On the ingress path, an ipip device in collect-metadata mode will fill this
struct and a BPF tc-hook can obtain the information via a call to the
bpf_skb_get_fou_encap kfunc.

The minor change to ip_tunnel_encap, which now takes a pointer to
struct ip_tunnel_encap instead of struct ip_tunnel, allows us to control
FOU encap type and parameters on a per packet-level.

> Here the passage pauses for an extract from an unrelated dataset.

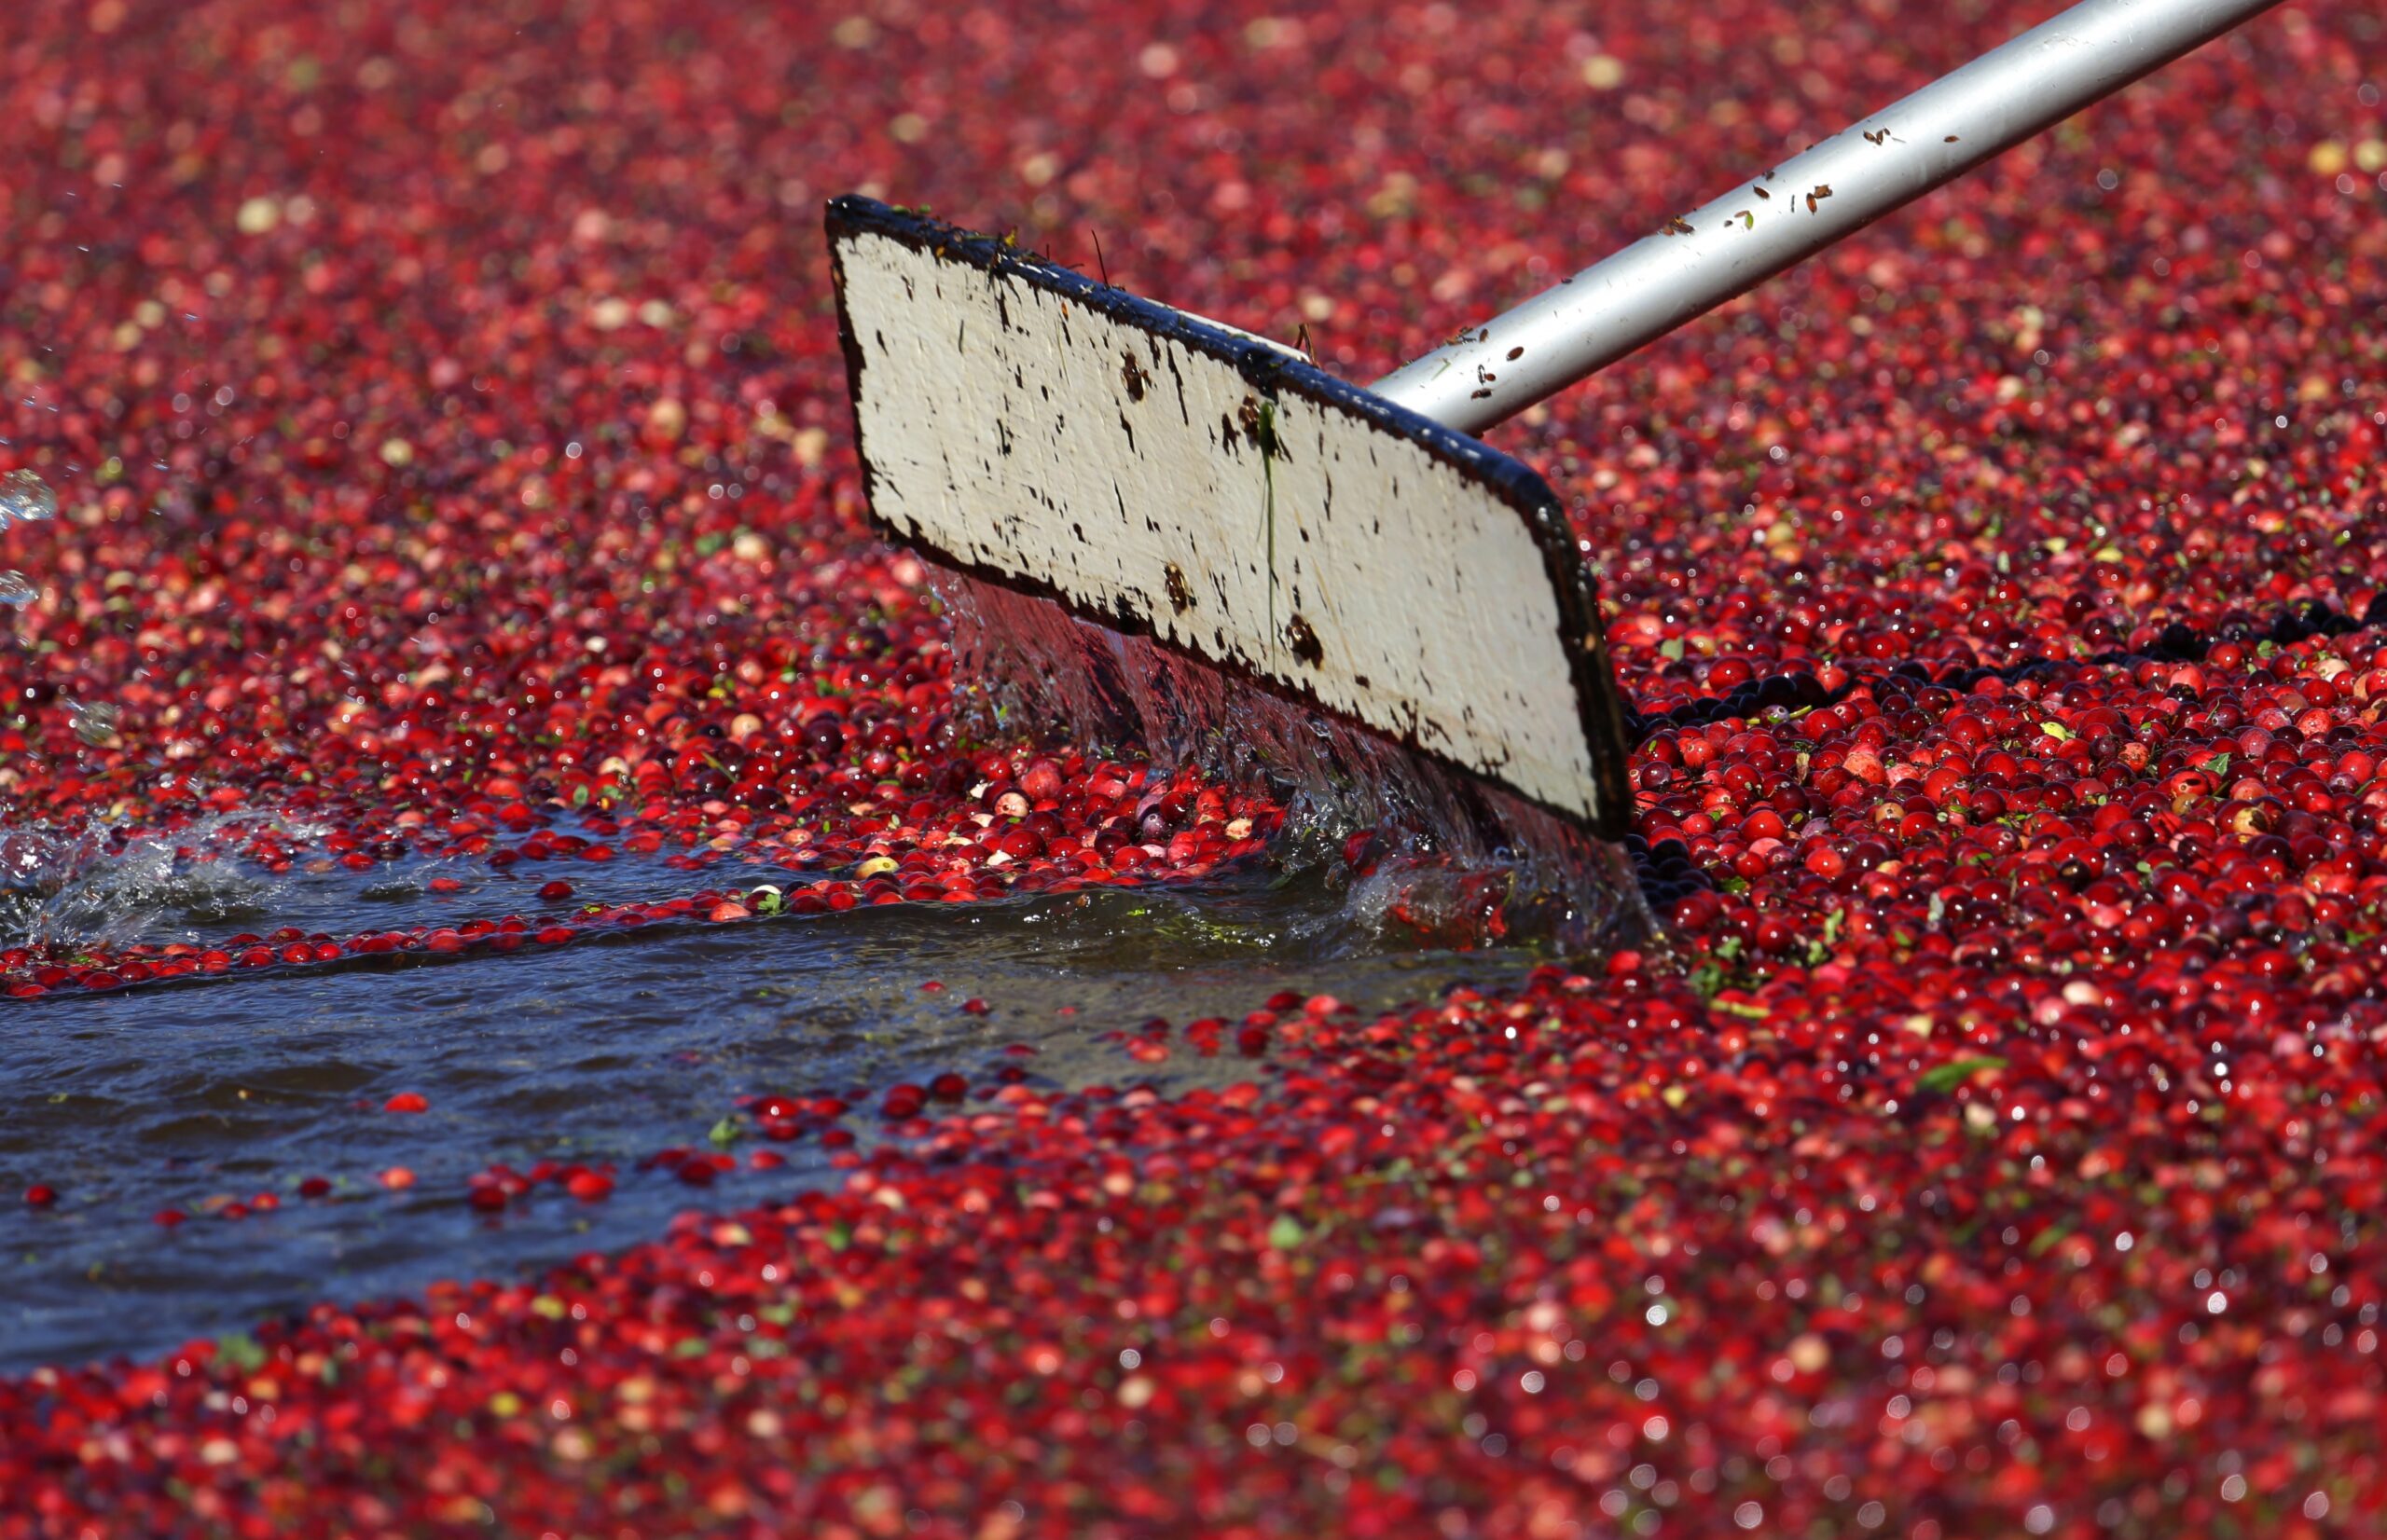 Tribe and lakes association claim cranberry operation is violating the Clean Water Act

Signed-off-by: Christian Ehrig <cehrig@cloudflare.com>
---
 include/net/ip_tunnels.h | 28 +++++++++++++++-------------
 net/ipv4/ip_tunnel.c     | 22 ++++++++++++++++++++--
 net/ipv4/ipip.c          |  1 +
 net/ipv6/sit.c           |  2 +-
 4 files changed, 37 insertions(+), 16 deletions(-)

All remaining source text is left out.